RESULTS: Twelve high-risk patients (nine men), of which seven were at American Society of Anesthesiologists class 4 and five were at class 3, presented with seven symptomatic and five ruptured aortic aneurysms. Mean age was 71 years (range, 52-86 years), and mean maximal aneurysm size was 8.1 cm (range, 5-12 cm). Six patients (50%) had prior aortic surgery or a hostile abdomen. Relevant comorbidities included coronary disease in all 12 patients, and seven (58%) had an ejection fraction≤35%. Nine patients (75%) had severe pulmonary dysfunction. Four aneurysms were pararenal, and eight were thoracoabdominal (two type II, three type III, and three type IV). An average of three visceral vessels (range, 2-4) were treated per patient, with 35 branches targeted. Endografts were successfully implanted in all patients. There was no paraplegia or intraoperative death. One patient (8.3%) died of subarachnoid hemorrhage≤30 days. Reintervention was necessary in two patients, for a type 3 endoleak and for evacuation of a retroperitoneal hematoma. Morbidity included one myocardial infarction, and two patients each with transient respiratory failure and transient renal insufficiency not requiring dialysis. Mean postoperative length of stay was 4 days in the intensive care unit and 8 days in the hospital. At a mean follow-up of 9 months (range, 3-18 months), two patients died of non-aneurysm-related causes. Branch vessel patency was 100%. No late reinterventions were necessary. No type I or III endoleaks occurred. One type II endoleak is under observation.
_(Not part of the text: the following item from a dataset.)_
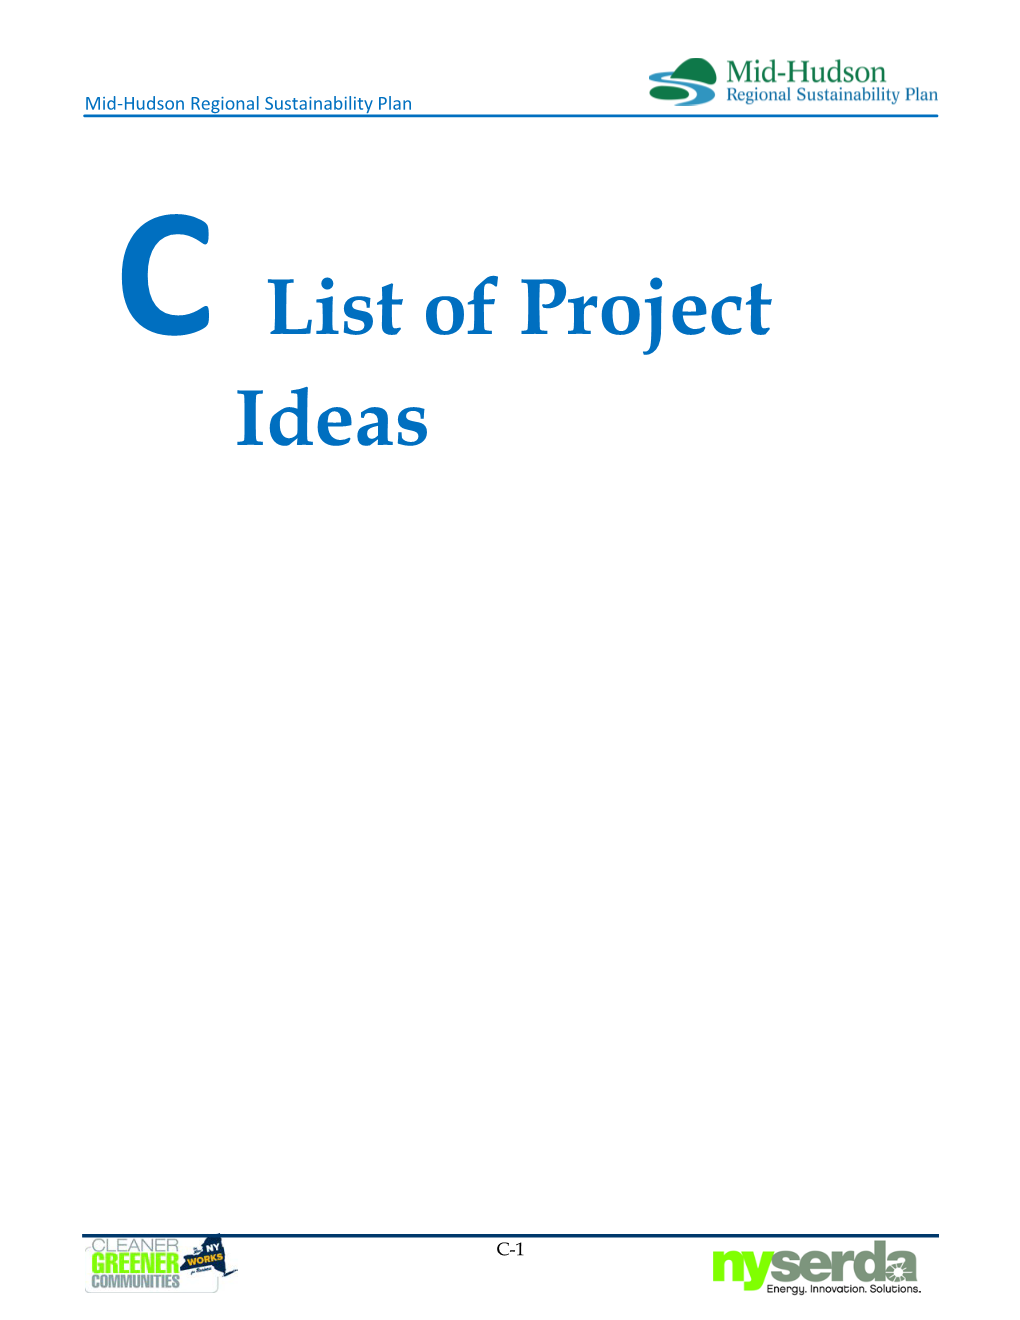 List of Project Ideas

CONCLUSIONS: Sm-FBSG may play an important role in the treatment of select patients with symptomatic or ruptured complex aortic aneurysms who are at prohibitive risk for open surgery and in whom endovascular repair cannot be delayed to allow implantation of a custom-made commercial device. Until an off-the-shelf fenestrated-branched device is created that does not require a prolonged waiting period, this may be the best option to treat patients with symptomatic or ruptured complex aneurysms that are at excessively high surgical risk.
Copyright © 2012 Society for Vascular Surgery. Published by Mosby, Inc. All rights reserved.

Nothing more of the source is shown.